» Task goal
The answer is the line containing "M drawing on wall.jpg" plus every line after it to the end of the material, retyped exactly and without the pictures.
─── Provided data
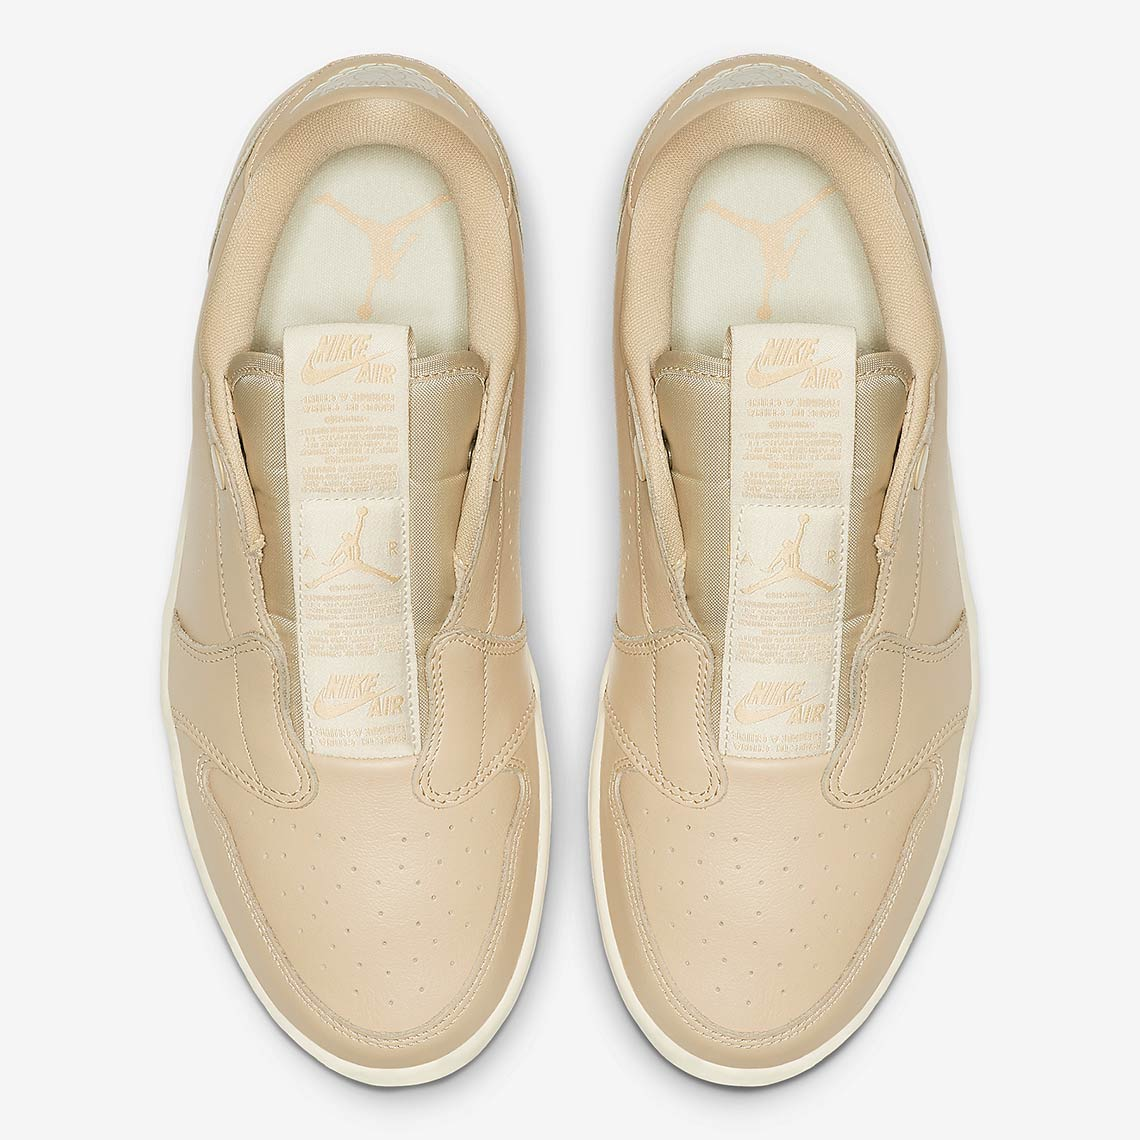 new arrivals bba23 2a1a5 Air Jordan 1 Low Slip-On Wmns  115. Color  Desert Ore Light Cream Style  Code  AV3918-200. Advertisement. Advertisement
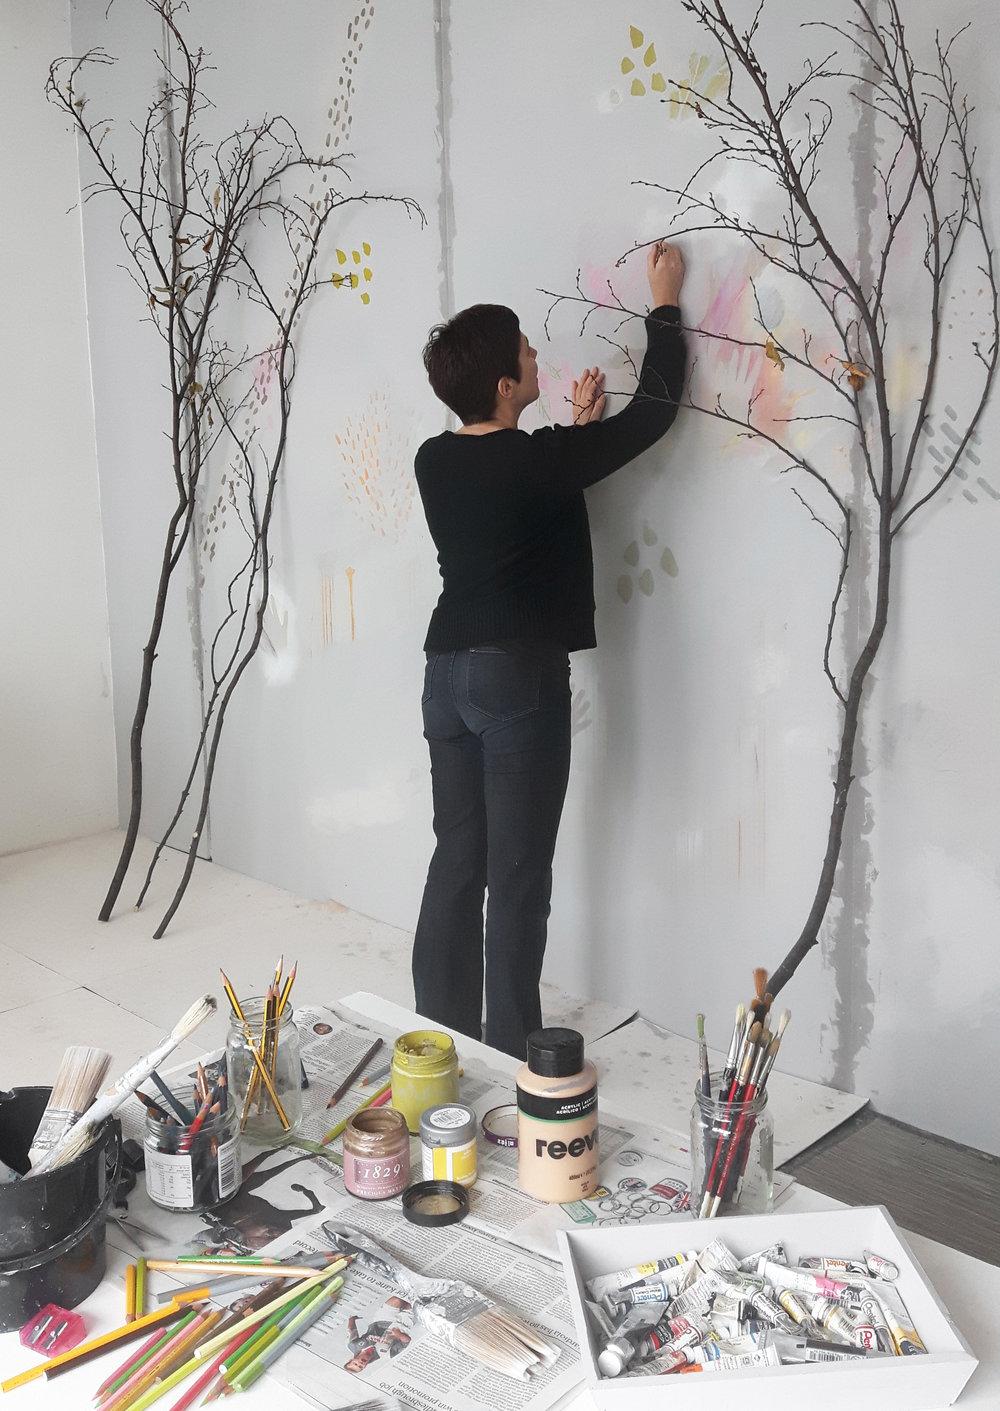 M drawing on wall.jpg
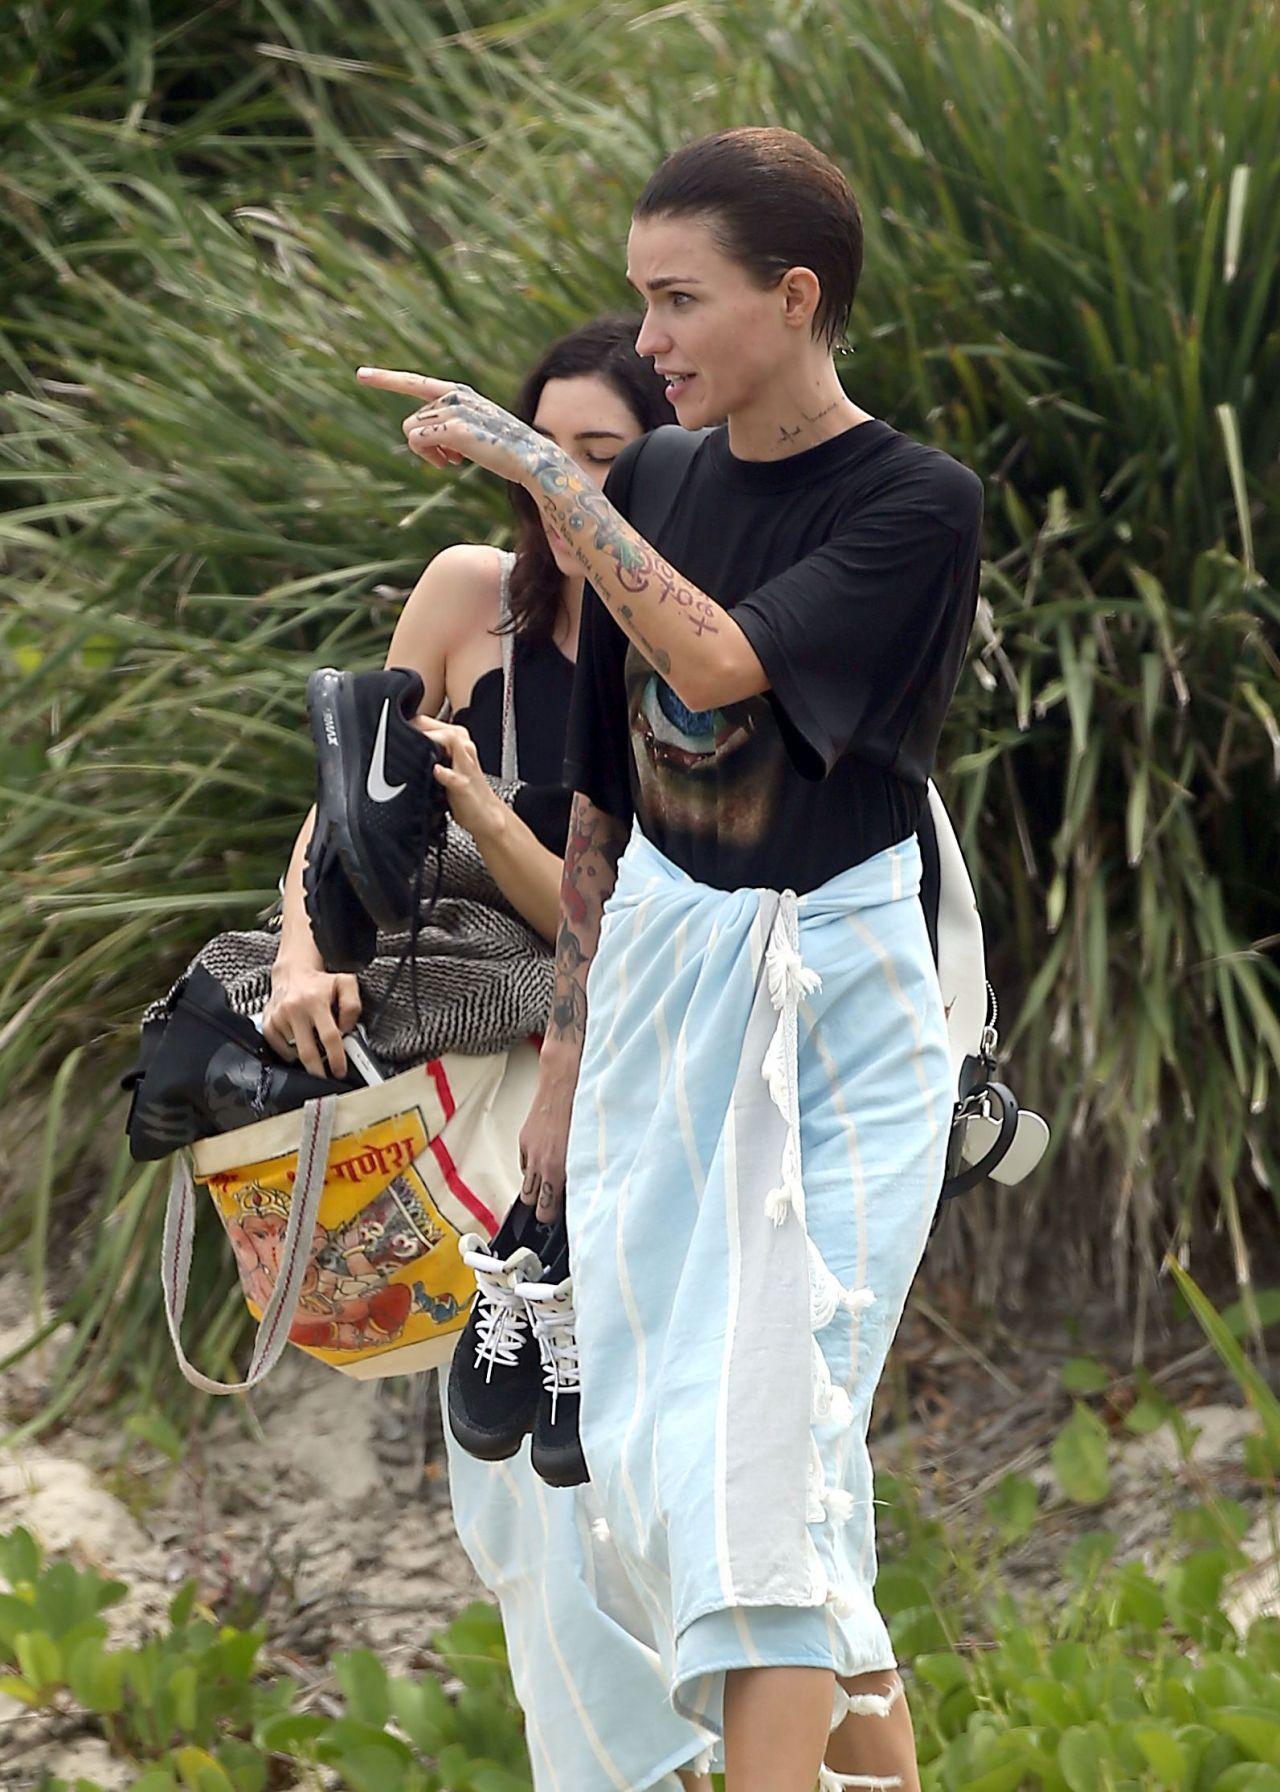 Ruby Rose With Girlfriend Jessica Origliasso Byron Bay Australia
──────
» Completed exercise
 M drawing on wall.jpg
 Ruby Rose With Girlfriend Jessica Origliasso Byron Bay Australia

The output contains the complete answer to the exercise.